Hey, just discussed with @dchambers, for now we will use a custom KO with the line to allow resolving subtemplates via the service. I do think that you do need a version of KO in brjs that supports this out of the box or you would not be able to use brjs correctly.

leggetter commented 10 years ago

Looks like you could create a template engine based on the default one and just override the makeTemplateSource implementation: https://github.com/BladeRunnerJS/brjs/blob/master/cutlass-sdk/workspace/sdk/libs/javascript/thirdparty/presenter-knockout/brjs-knockout-3.0.js#L3406

Not sure about the best way of making this custom/extended templating engine the default though. I'd suggested we keep this issue open and we feed it into future planning.
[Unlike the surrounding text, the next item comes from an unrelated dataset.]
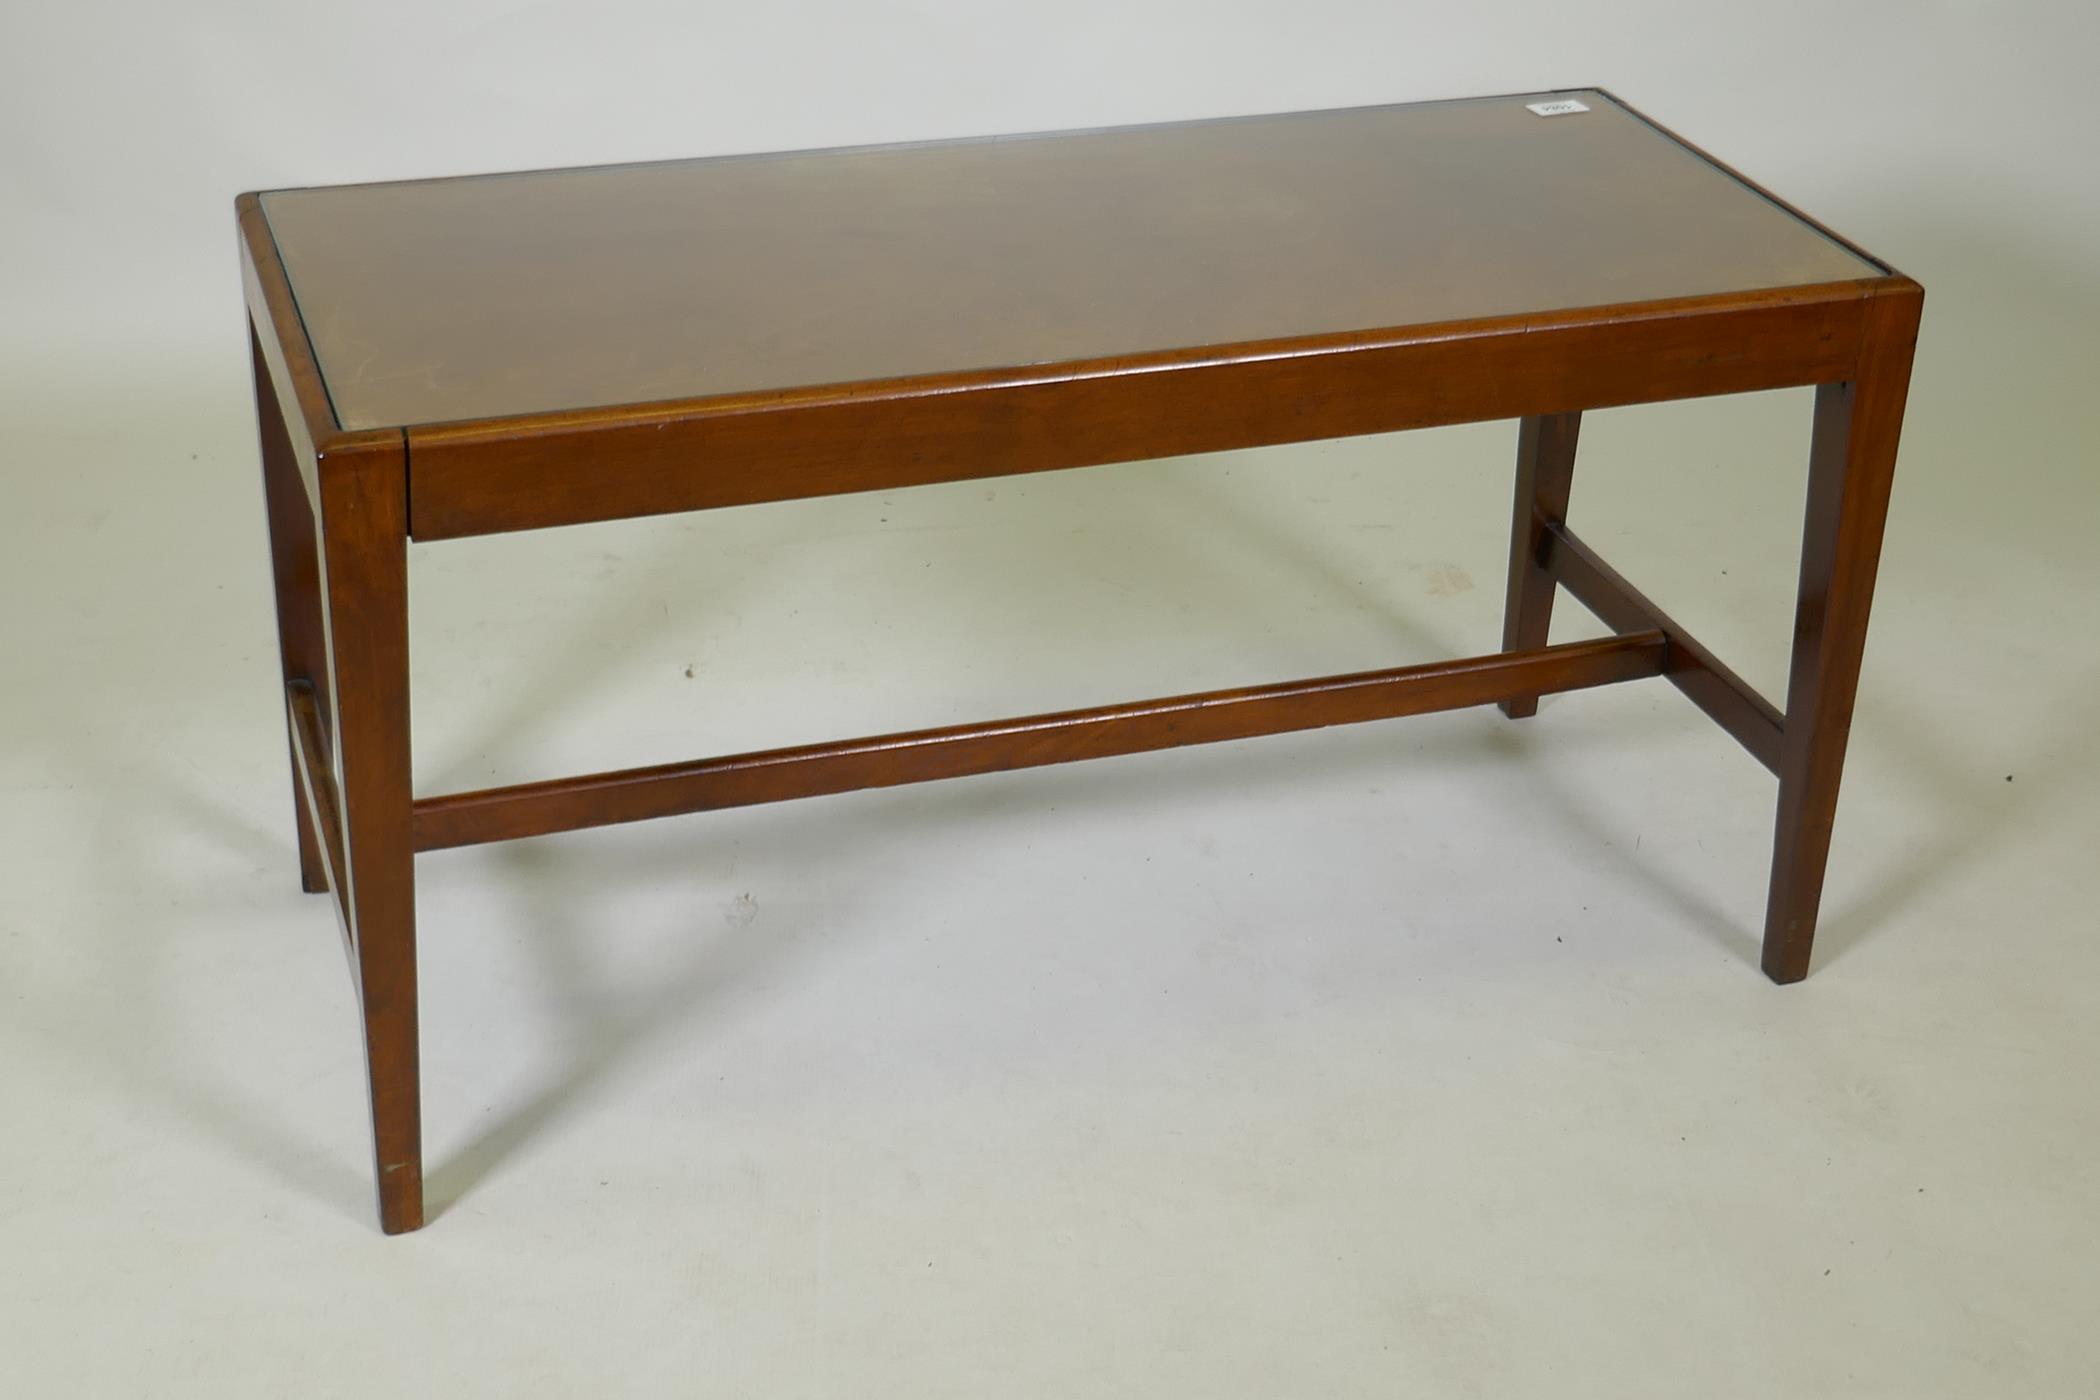 A mahogany occasional table with inset glass top, 40 x 92 x 49 cm

dchambers commented 10 years ago

@leggetter, so I guess it sounds like you'd prefer a 'brjs-ko' library, that depends on the 'ko' library but patches it from the outside to make it compatible with BRJS. I haven't tested it, but it looks like it should be possible to do this by writing some code like this:

ko.templateEngine.prototype._makeTemplateSource = ko.templateEngine.prototype.makeTemplateSource;

ko.templateEngine.prototype.makeTemplateSource = function(template, templateDocument) {
    var fakeDocument = {
        getElementById: function(id) {
            var elem = templateDocument.getElementById(id);

            if(!elem) {
                elem = br.ServiceRegistry.getService('br.html-service').getHTMLTemplate(id);
            }

            return elem;
        }
    };

    ko.templateEngine.prototype._makeTemplateSource.call(this, template, fakeDocument);
};
james-shaw-turner commented 10 years ago

Definitely preferable to patch from the outside with a standard extension mechanism

leggetter commented 10 years ago

That'd work. But overriding the default templating engine seems a bit 'naughty' :)

Maybe something like:

var br = require( 'br/Core' );
var ko = require( 'ko' );
var ServiceRegistry = require( 'br/ServiceRegistry' );

function BRJSKoTemplateEngine = function() {
  this._htmlService = ServiceRegistry.getService( 'br.html-service' );
};
// Not sure this will work - depends on how KO objects are defined
br.extend( BRJSKoTemplateEngine, ko.underscoreTemplateEngine );

// Override super definition
BRJSKoTemplateEngine.prototype.makeTemplateSource = function(template, templateDocument) {
  // Named template
  if (typeof template == "string") {
    templateDocument = templateDocument || document;
    // Only change to the default implementation is here.
    var elem = this._htmlService.getHTMLTemplate( template );
    if (!elem) {
      throw new Error("Cannot find template with ID " + template);
    }
    return new ko.templateSources.domElement(elem);
  }
  else if ((template.nodeType == 1) || (template.nodeType == 8)) {
    // Anonymous template
    return new ko.templateSources.anonymousTemplate(template);
  }
  else {
    throw new Error("Unknown template type: " + template);
  }
};

// Not sure where this bit should be called
ko.setTemplateEngine( new BRJSKoTemplateEngine() );

This seems cleaner, but does beg the questions:

  1. where should ko.setTemplateEngine( new BRJSKoTemplateEngine() ); be called?
  2. Would anybody ever expect the normal KO makeTemplateSource functionality so is @dchambers solution a simpler one?
soruban commented 10 years ago
  1. Would anybody ever expect the normal KO makeTemplateSource functionality

Ideally, both should work: you first check if the template is defined in the current HTML, if not, use the resource-service to look into the bundle.html.

dchambers commented 10 years ago

I'd say so. In my solution both approaches work, whereas in @leggetter's solutions only loading templates from the HTML resource service is possible (though this would be very easy to fix).